SAWT BEIRUT INTERNATIONAL

| 2 December 2022, Friday |

La relation du Hezbollah avec le CPL…Que se passera-t-il après la sortie d’Aoun de Baabda ?

Lorsque l’ancien président Michel Aoun revient de son exil parisien, les choses sont floues pour son mouvement politique, surtout lorsqu’il monte sur les podiums pour appeler au désarmement des armes illégales. Il est évident que l’arme illégale est l’arme du « Hezbollah », car c’est le seul parti qui possède un énorme arsenal qui comprend des armes intelligentes, des missiles, et les drones qui sont apparus récemment après qu’ils soient en cours de conception et de fabrication.

Bien sûr, il doit également inclure les armes palestiniennes en dehors des camps palestiniens, qui ne sont pas soumis à l’Autorité palestinienne dirigée par Mahmoud Abbas et sont répartis en plus d’un point, dont le plus important est affilié au Front populaire, qui se trouve dans l’orbite du « Hezbollah », selon des sources spéciales de « Sawt Beirut International ».

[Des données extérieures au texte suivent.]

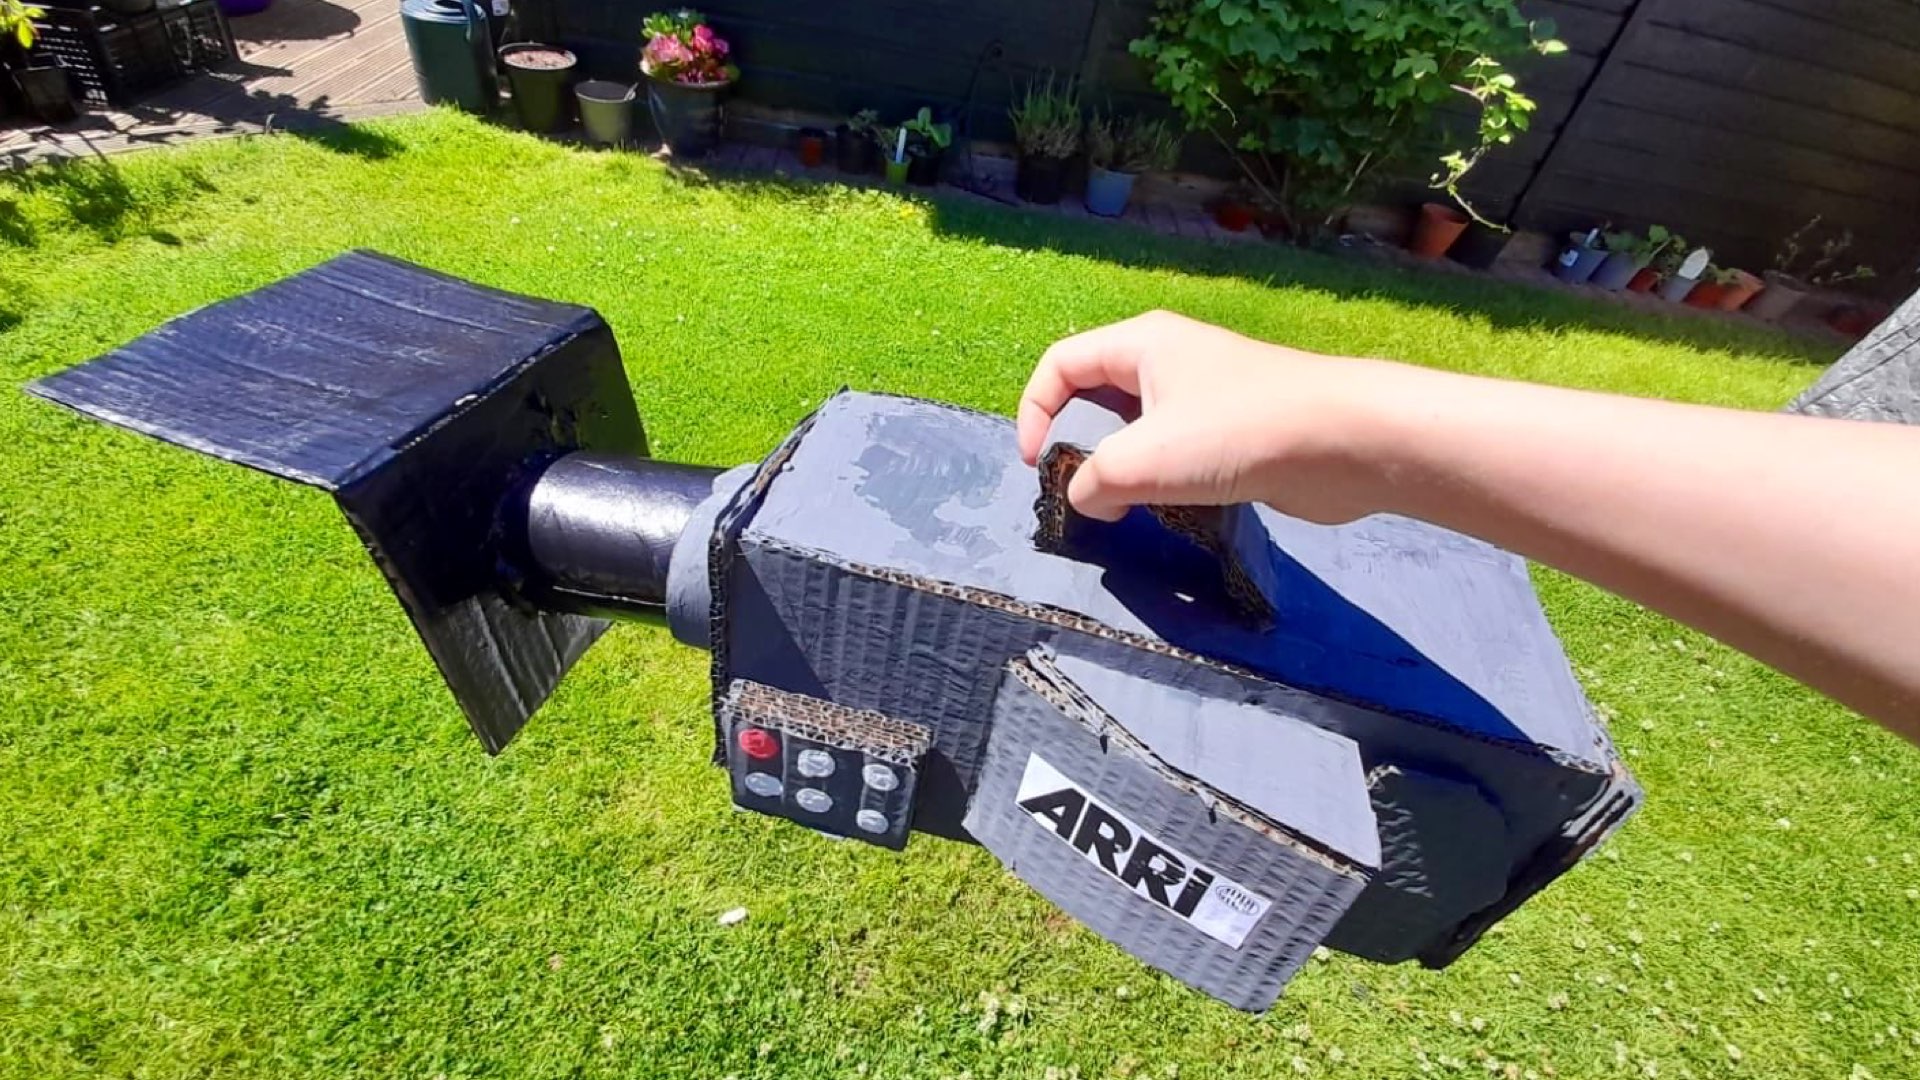 ARRI ALEXA Made of Cardboard: Built by an 11-Year-Old Filmmaker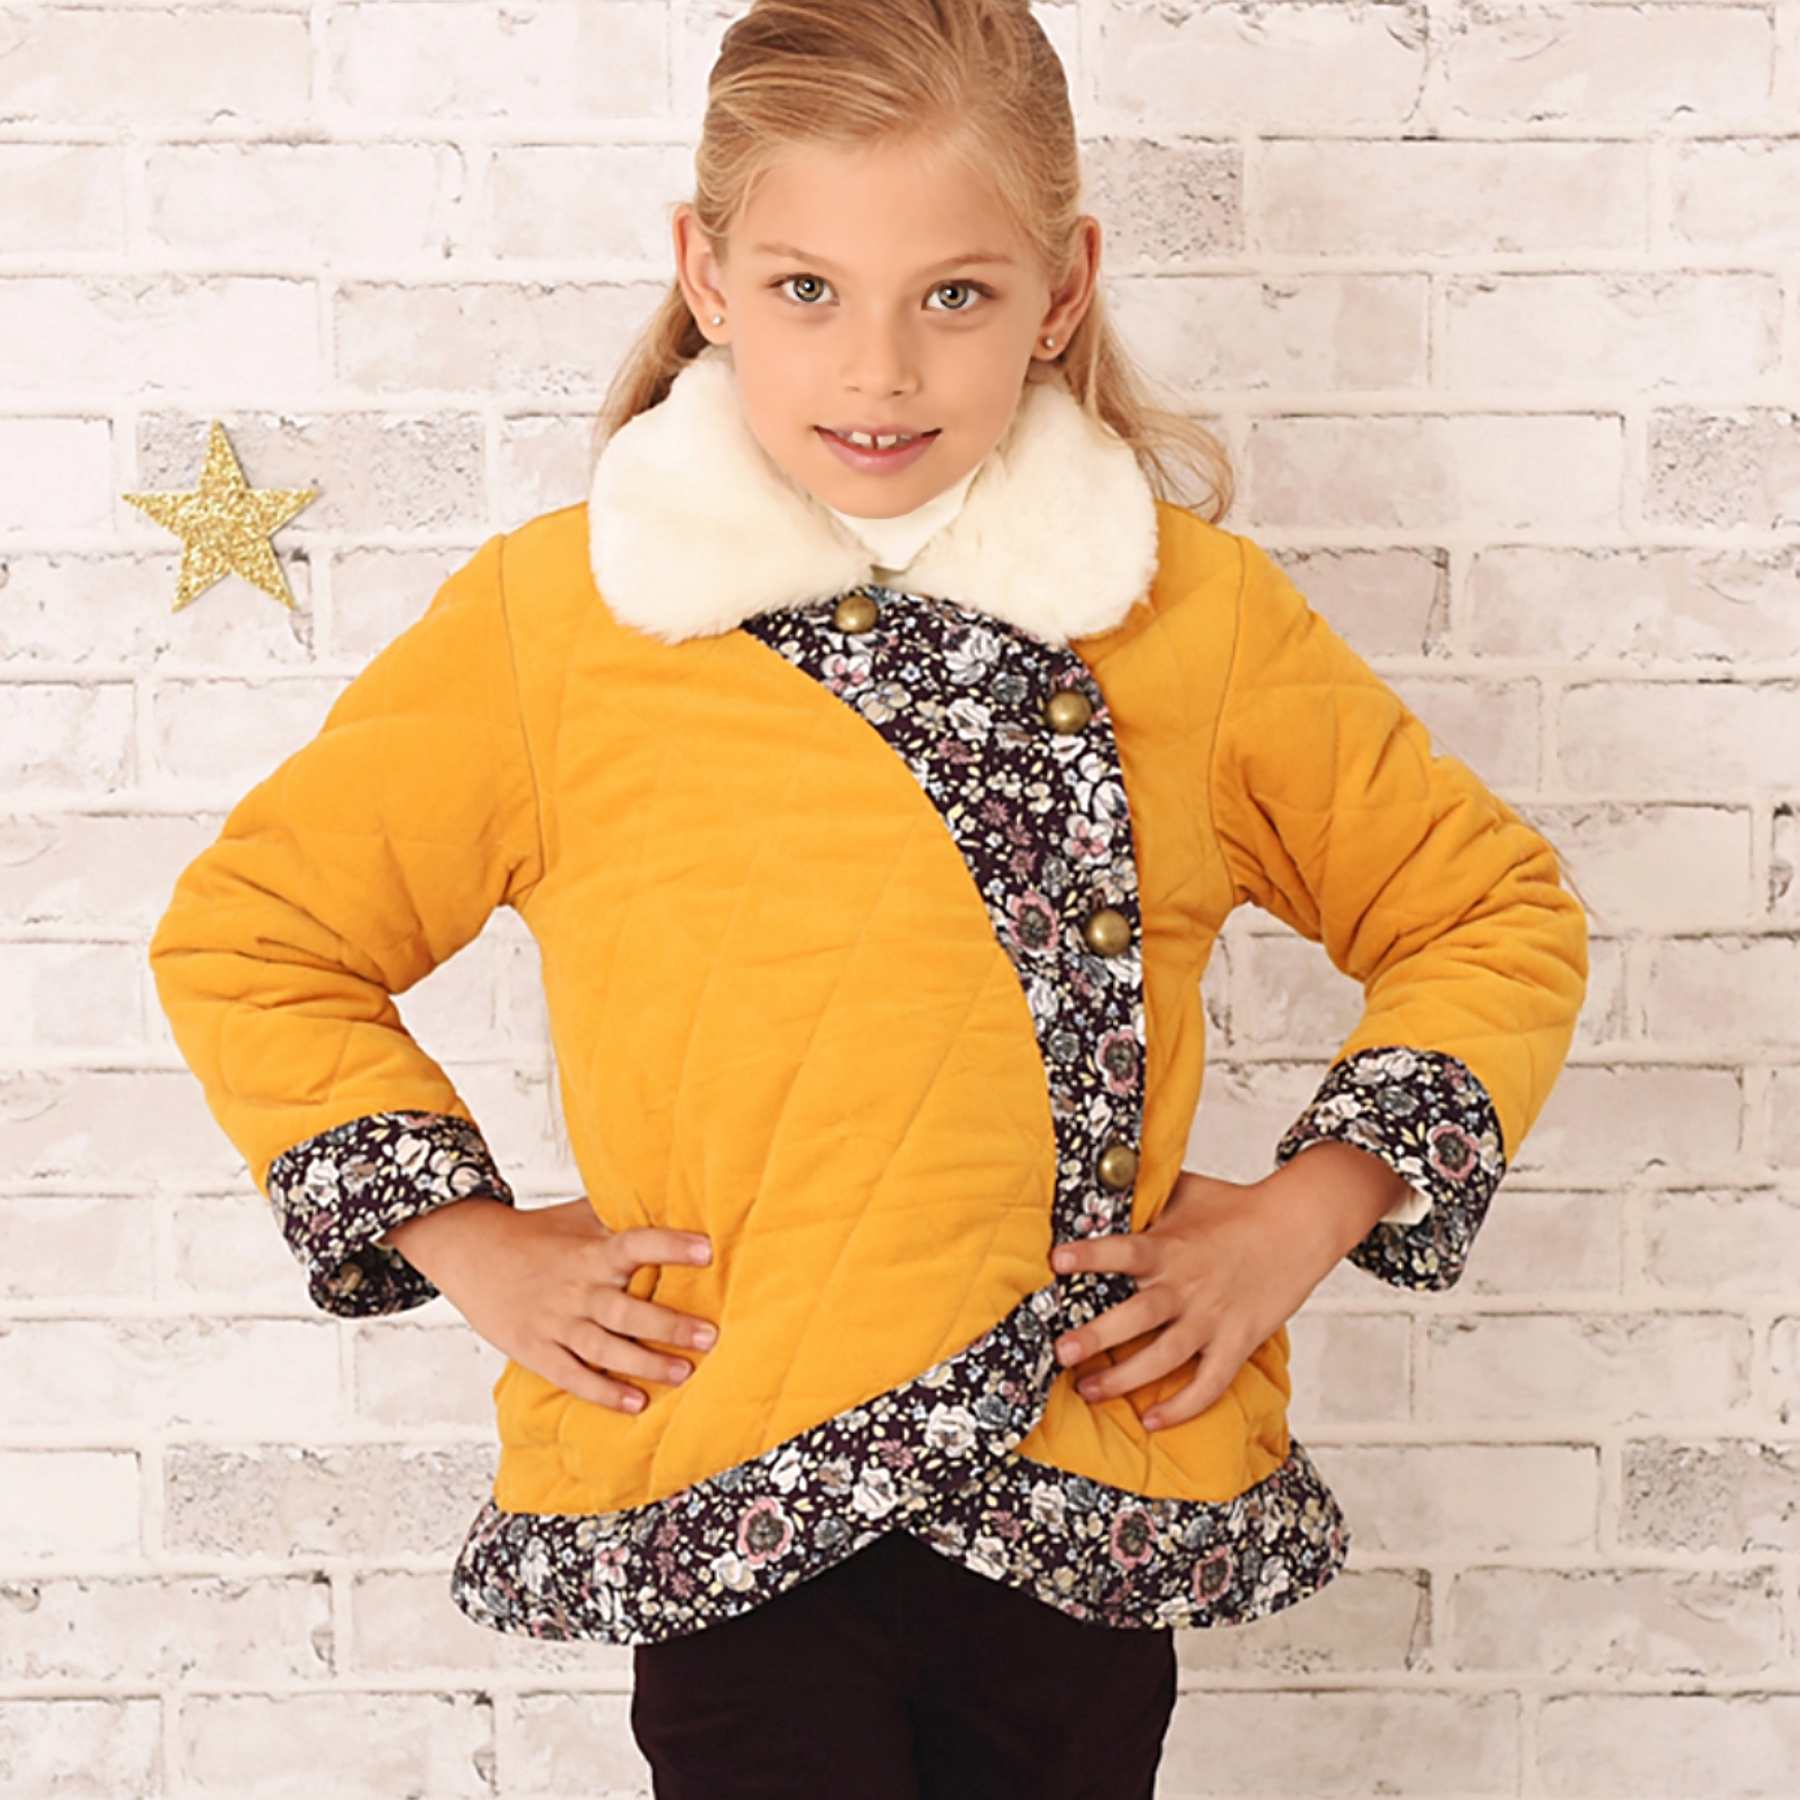 Manteau style kimono en velours jaune et col fausse fourrure beige et coton fleuri de la marque de mode pour enfant LA FAUTE A VOLTAIRE

Avant le départ de l’avion d’Aoun de Paris, il était nécessaire de régler certains dossiers judiciaires encore en suspens, dont la plupart ont été résolus il y a quelques jours et d’autres il y a quelques heures. Le retour s’est fait après le martyre du Premier ministre Rafic Hariri en 2005, où le général faisait un discours de grande qualité sur la Place des Martyrs, promettant le changement et combattant l’argent politique. La phrase la plus marquante était la suivante : « Si je parle de manière sectaire, alors rejetez-moi ». La présence du général n’a pas été accueillie positivement par de nombreuses personnalités, notamment l’ancien député Walid Joumblatt, qui l’a qualifiée de « Tsunami ».

Il semble que « Abou Taymour » (Walid Joumblatt) ait pressenti très tôt les résultats du retour du général, et qu’ils aient commencé à apparaître le jour où il s’est détourné de ses slogans les plus marquants en signant avec le secrétaire général du « Hezbollah » l’accord de Mar Mikhael, même s’il a été frappé et entravé par quelques obstacles liés aux postes, aux ministères et à l’hétérogénéité chimique avec le « Mouvement Amal », le jumeau du Hezbollah dont le feu s’est éteint, bien qu’il soit resté sous la cendre, le ministre Bassil s’est chargé de le rallumer de temps en temps sous le slogan de la préservation des droits des chrétiens. Cependant, tout le monde sait très bien que les questions sont liées aux dossiers de nomination, c’est-à-dire au niveau du ministère de l’énergie, du ministère des affaires étrangères et d’autres dossiers.

Aujourd’hui, avec le départ de Aoun du palais de Baabda, le « courant » ne dispose plus des gains de pouvoir qu’il peut dépenser en faveur du « Hezbollah », mais cela ne signifie pas l’effondrement de l’alliance entre eux car le besoin est mutuel, avec l’absence de la possibilité pour les deux équipes d’établir une alliance alternative avec d’autres partis, qui leurs titres sont devenus clairs, menés par la clause « Désarmer le Hezbollah ». Cette tendance a été renforcée par l’accord de démarcation de la frontière maritime, qui a été considéré comme un accord passé par le Hezbollah pour les intérêts de l’Iran, et l’ancien président Michel Aoun a contribué en tant que témoin de l’accord en le signant, après qu’il se soit abstenu de signer le décret prouvant le droit du Liban à la ligne 29, qui a été remplacé par la ligne 23, et sur la base de ce que l’accord comprenait en termes de conditions, de nombreux analystes ont découvert la raison d’envisager la ligne 23.

La source conclut en assurant que bien que l’alliance entre le courant et le parti existe toujours, elle était évidente à travers l’accompagnement par le parti du départ d’Aoun de Baabda, en termes de personnes et de morale, mais la marge de mouvement du ministre Bassil est devenue étroite. Et les tentatives de Bassil de menacer de rompre l’entente, de la modifier et de la développer et de sortir le papier de stratégie défensive n’ont plus leurs effets, comme par le passé. Par conséquent, Bassil essaiera de diminuer ses exigences pour s’assurer de continuer dans la vie politique, surtout après que de nombreux faucons (personnalités importantes) du courant ont été exclus de son bateau.